What the task asks: In the entries that follow, find the line containing "De Noorderkerk is" and the line containing "Men's Hurricane XL T2 Sport Sandal - Black", then retype exactly the lines from the first through the second, pictures excluded.

Dataset entries:
######
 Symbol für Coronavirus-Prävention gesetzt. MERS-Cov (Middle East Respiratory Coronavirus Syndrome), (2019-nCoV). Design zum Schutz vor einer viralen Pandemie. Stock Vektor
######
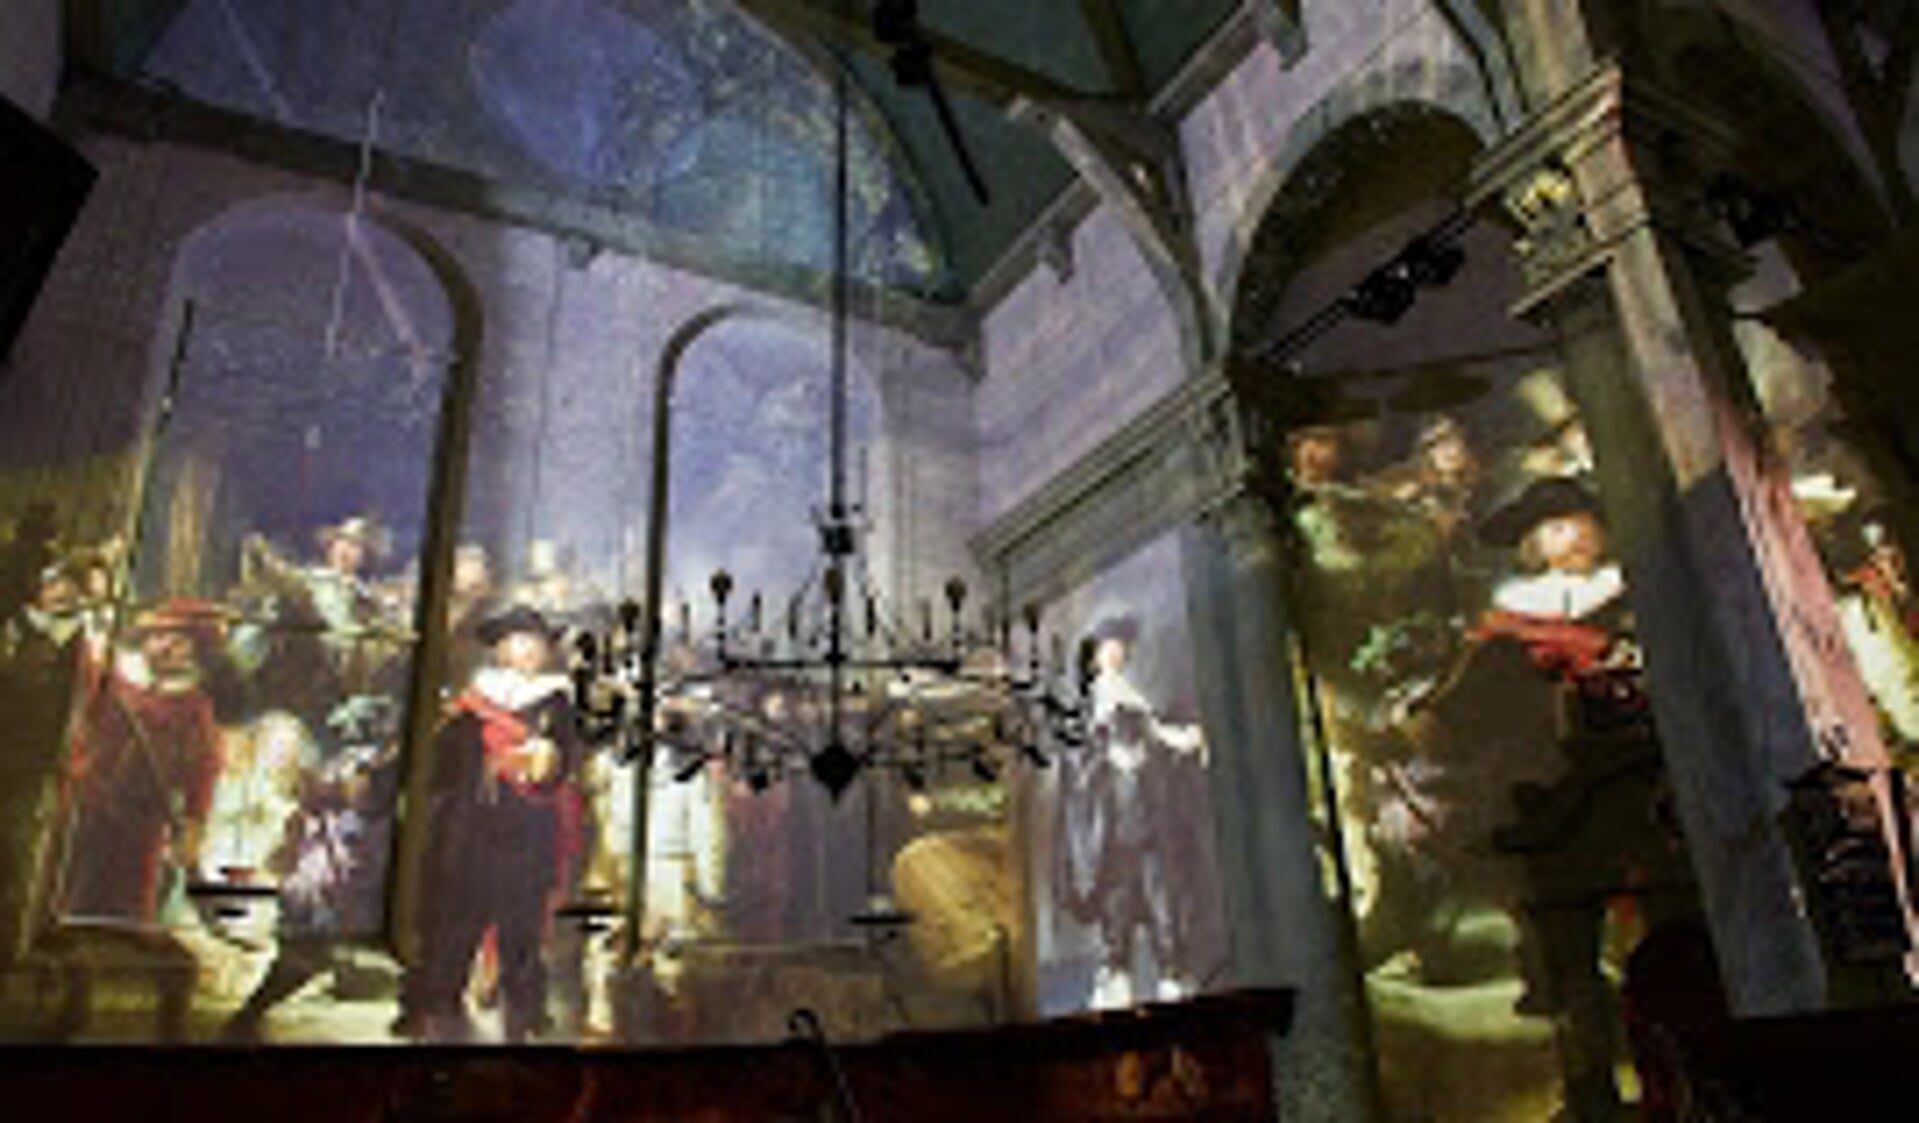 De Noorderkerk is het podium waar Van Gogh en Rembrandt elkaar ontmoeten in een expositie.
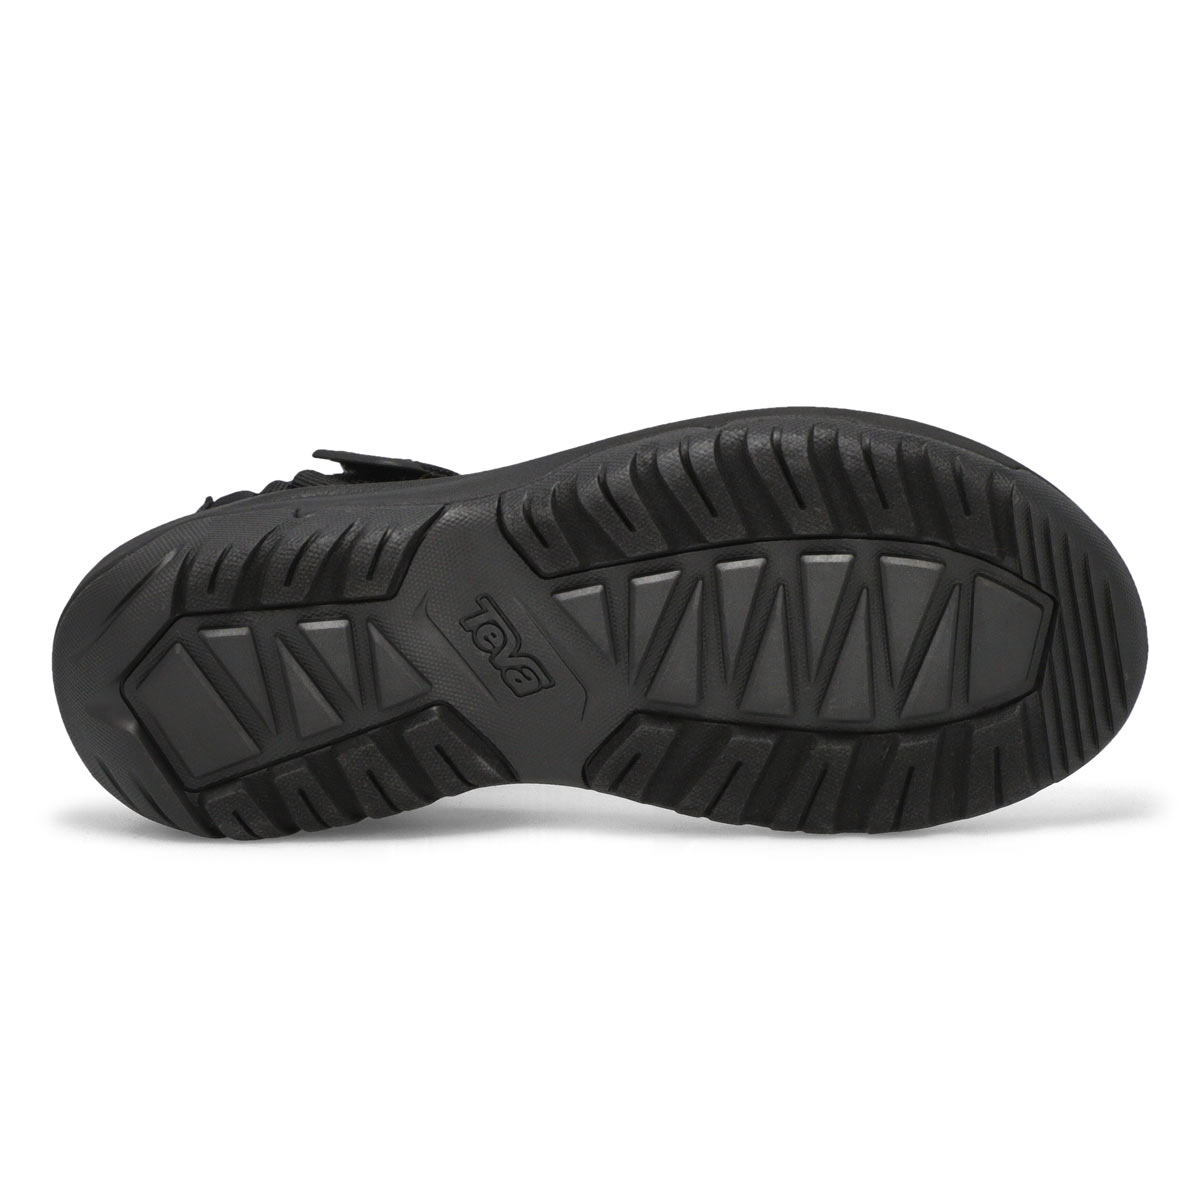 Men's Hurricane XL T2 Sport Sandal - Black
######
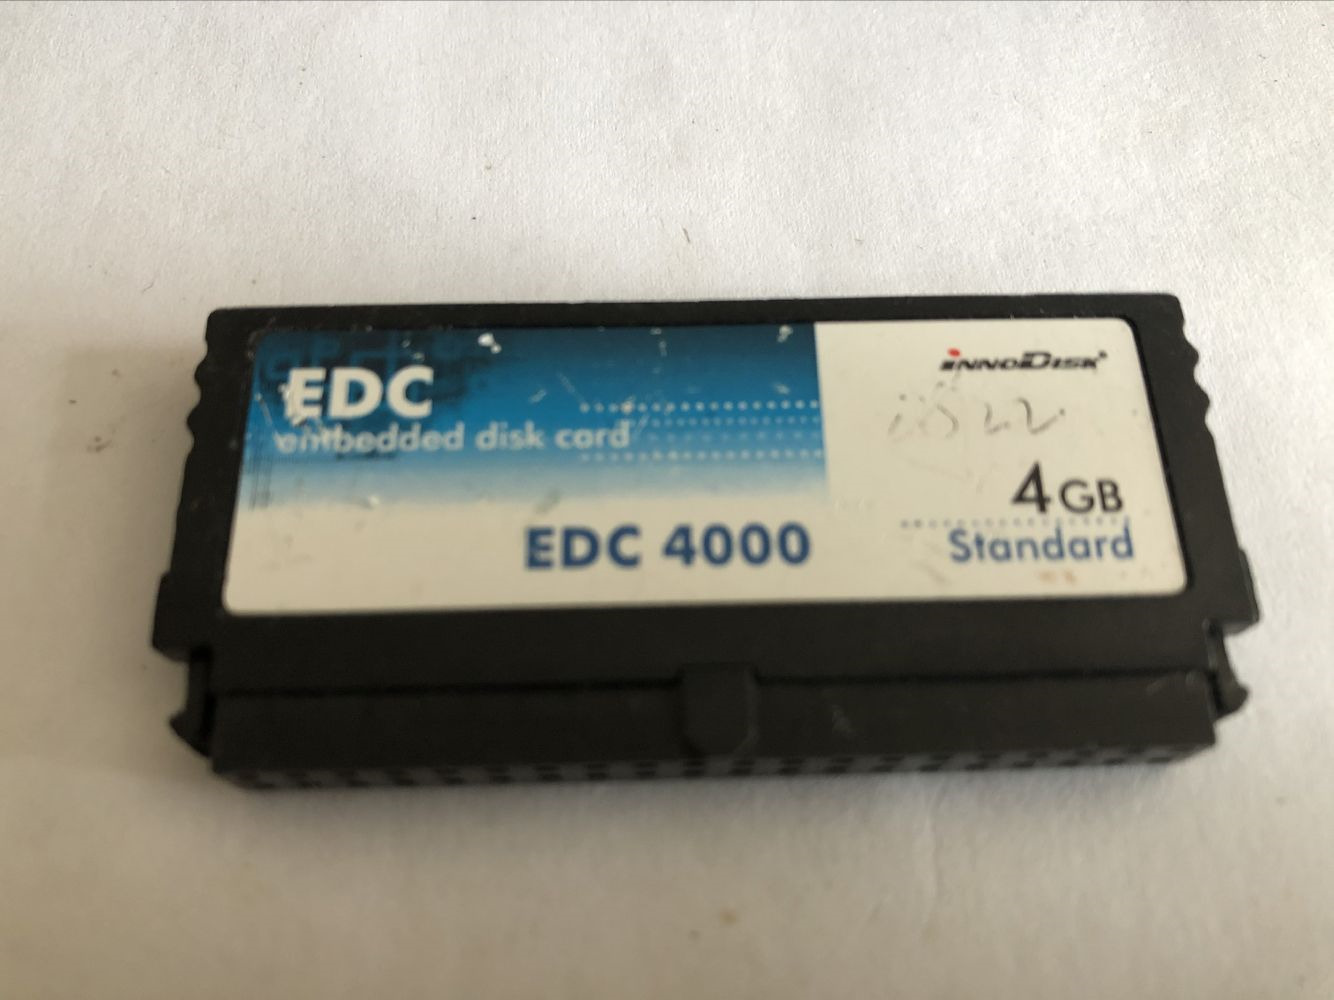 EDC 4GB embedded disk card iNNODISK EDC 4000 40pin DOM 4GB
######
Task result:
 De Noorderkerk is het podium waar Van Gogh en Rembrandt elkaar ontmoeten in een expositie.
 Men's Hurricane XL T2 Sport Sandal - Black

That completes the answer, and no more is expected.